Now it was just a matter of taking it on my deadpoint and holding on.
I had it quicker than expected.

Very hard first move, afterwards it's a matter of not making a stupid mistake.
Happy about this one!

Fontainebleau - Roche aux Oiseaux - Alea Jacta Est 7C

Monday, October 3, 2016

October 03, 2016 - Seafood anyone ?

I wanted to try "Carnazina", but of course the whole boulder was taken and it seemed crowded in the whole area.
Off to try something on the "Duroxmanie" boulder and there it looked like people were camping, so I turned to "Festin de Pierre".
I had never taken the chance to try it, so why not.
It turned out to be much nicer than I had expected.

As Jacky Godoffe once said: "If you can jump, you jump".

Fontainebleau - Cuvier Est - Festin de Pierre 7A

I went back to take another look at the "Carnage" boulder, but it was still taken by the same group, so on my way to the car I stopped at "Langouste Royale" at 20m from the parking.
When I did it in 2011, it was Winter and the conditions were perfect, but I remember that it felt hard.
It would be a good test piece to check out my improvement.

This time it went much easier and still it felt quite hard on those bad friction dependant slopers.
Makes you fancy seafood.

Fontainebleau - Cuvier - Langouste Royale 7A

Sunday, October 2, 2016

October 02, 2016 - Le Brexit.

"Le Brexit" has only been published just today.
It's a variation on "Haute Trahison", the dug out roof at only 50m from the parking of Rocher des Souris.

The first moves are the same as for "Haute Trahison", but you are not allowed to use the high big jug.
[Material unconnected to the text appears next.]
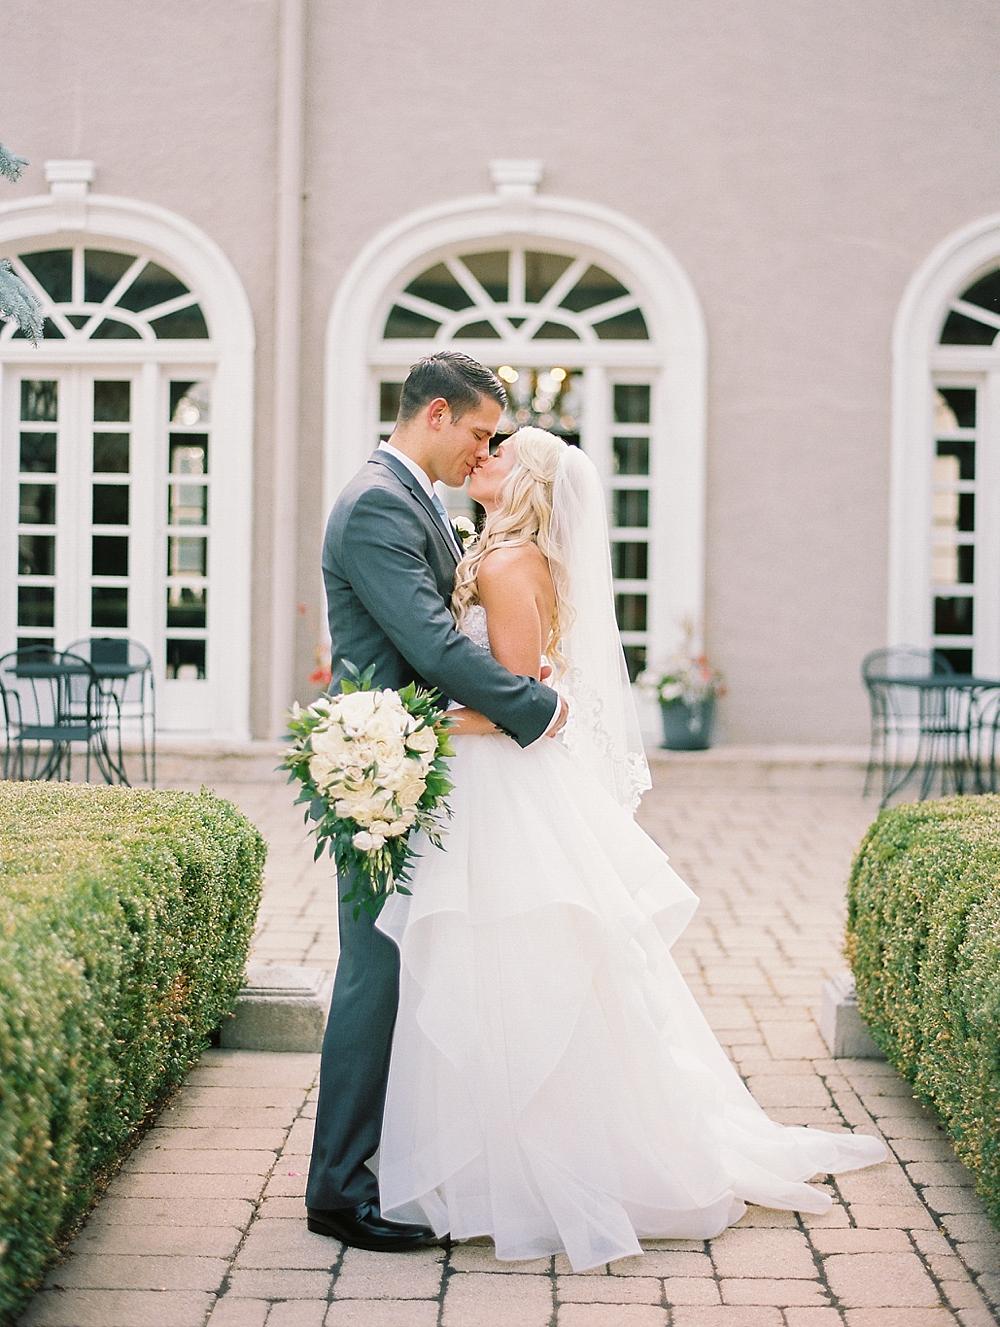 kristin-la-voie-photography-lehmann-mansion-wedding-photographer-85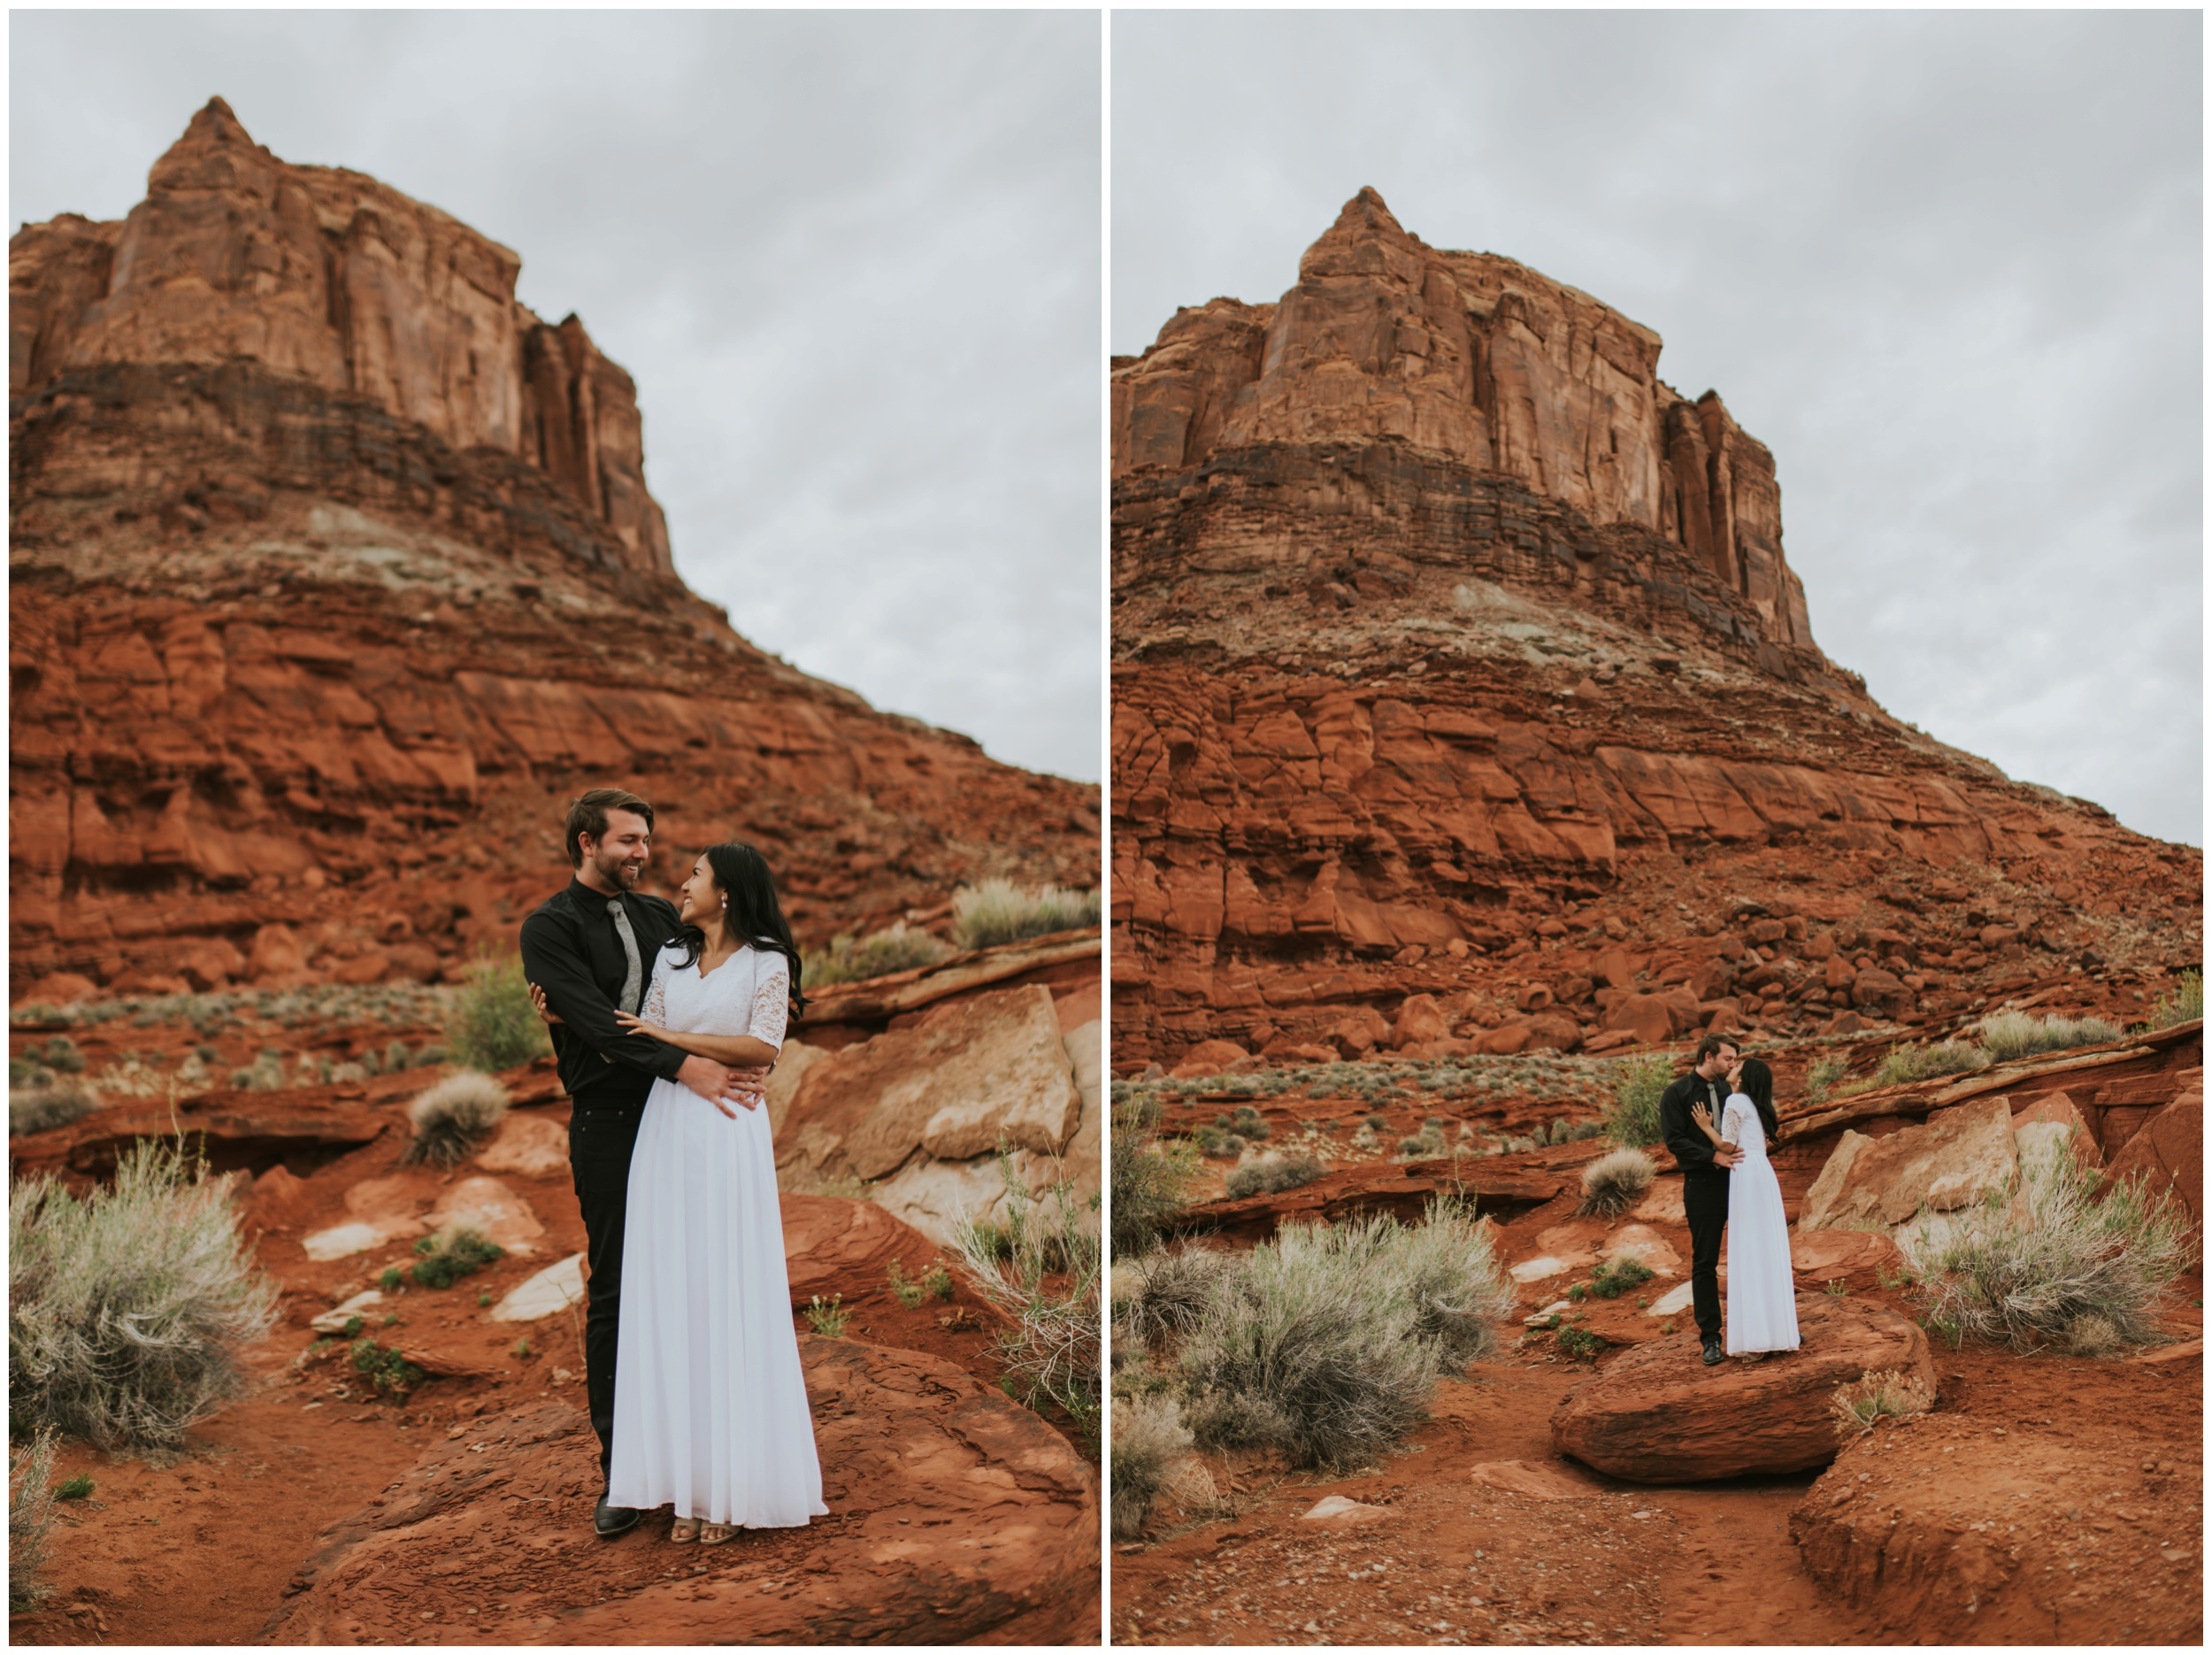 Bride and Groom Portraits at Moab Utah, Destination Elopement |Moab Utah, Photographer www.riversandroadsphotography.com

Then, using a pinch right hand you have to traverse under the roof and exit at the right side of the prow, with the crack left hand.
I still had the moves of "Haute Trahison" memorised, so I only had to look at how to traverse under the roof.
There seemed to be different possibilities, and they all are not that difficult.
It's all about pulling on good holds with one small crux under the roof into good holds again. You just have to execute them one after the other to not loose time.
I would say the same grade as for "Haute Trahison", but for me that also felt like a 7A+.

Fontainebleau - Rocher des Souris - Le Brexit 7A+

Saturday, October 1, 2016

October 01, 2016 - It was the atmosphere.

Not much time to write, so here's a quick overview from my short visit in Cuvier Est yesterday after work.

"Atmosphère" felt a bit scary, hanging right above that small boulder, but even though it didn't feel easy, it went on my second attempt.

Fontainebleau - Cuvier Est - Atmosphère 7A

"Echoes (debout)" right next to it went down flash and felt soft.
I tried the original sitstart, but the first move is really hard!

Fontainebleau - Cuvier Est - Echoes (debout) 7A

Finally at 20m from there, I did "Le Bivouac (direct" but this took me much longer.
The first too moves felt way harder than I had expected. It was really hard to hold on to the first hold left hand and make the move far right.
Nicer than I expected. The sitstart in the middle of the roof looks really hard.

Fontainebleau - Cuvier Est - Le Bivouac (direct) 7A+

Short update, but not much time.

Did I just hear myself standing in a bivouac ? Nah, it must have been be the atmosphere.